May 20 - Analog Devices on Wednesday projected third-quarter revenue above analyst expectations, signaling continued strengthening in demand for its power-management chips and sensor components amid increased investment in AI infrastructure.
The Wilmington, Massachusetts-based semiconductor maker provided a revenue outlook for the third quarter of $3.9 billion, plus or minus $100 million, a level that exceeds analysts' average estimate of $3.62 billion based on data compiled by LSEG.
The company reported second-quarter revenue of $3.62 billion, which topped consensus estimates of $3.51 billion. On an adjusted basis, Analog Devices posted earnings per share of $3.09 for the second quarter, above the $2.90 analysts had forecast.
Management pointed to broad-based strength across business-to-business end markets. "We continued to see growing demand in the second quarter with record bookings across our B2B markets of Industrial, Automotive, and Communications," CFO Richard Puccio said in a statement.
Alongside its revenue projection, Analog Devices issued third-quarter adjusted earnings guidance of $3.30 per share, plus or minus $0.15. That compares with street estimates of $3.00 per share.
In a strategic move to expand its capabilities in AI-focused power management, the company announced on Tuesday that it would acquire Empower Semiconductor for about $1.5 billion in cash. The acquisition is positioned to broaden Analog Devices' product set for applications that benefit from higher processing speeds and more complex data flows, including data centers and automotive systems.
Market reaction has reflected the company's stronger-than-expected performance and forward guidance. Shares of Analog Devices have climbed roughly 53% so far this year. On Wednesday, the stock was largely unchanged in volatile premarket trading.
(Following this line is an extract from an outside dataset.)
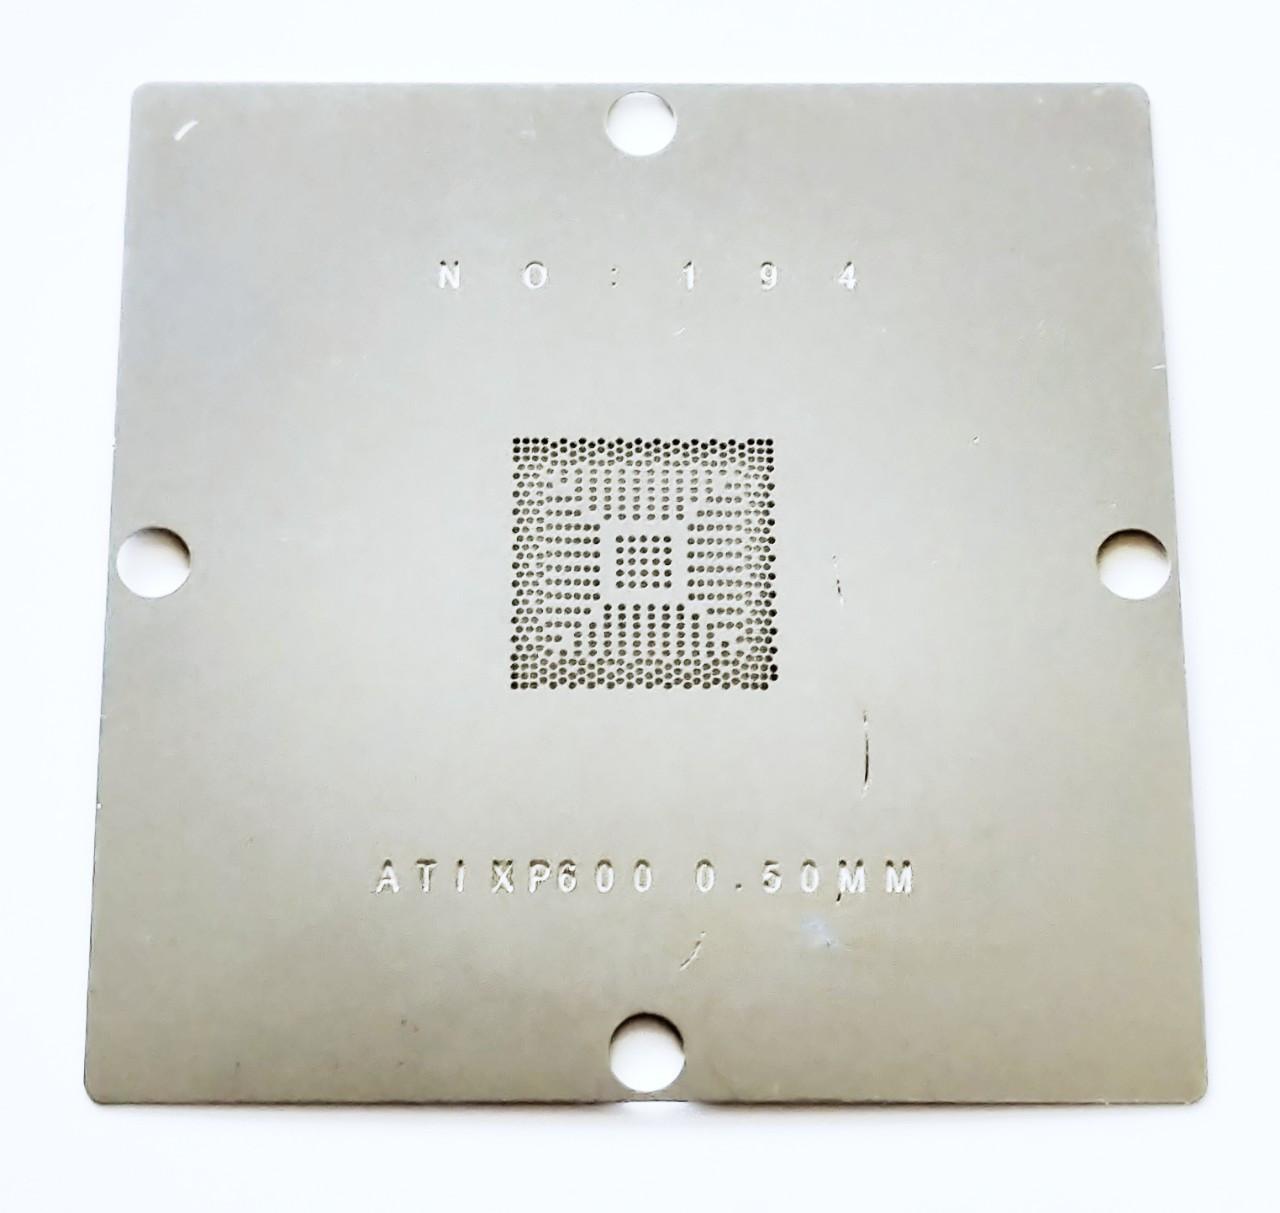 Трафарет BGA ATI IXP600, SB600, XP600. Шар 0,5 мм

The guidance ranges for both revenue and adjusted EPS - expressed as plus or minus amounts around the midpoint - indicate that management is providing a degree of caution about near-term variability while still forecasting growth above consensus. The company highlighted sustained demand across data-center and automotive applications, where greater processing requirements drive the need for more advanced power-management and sensor components.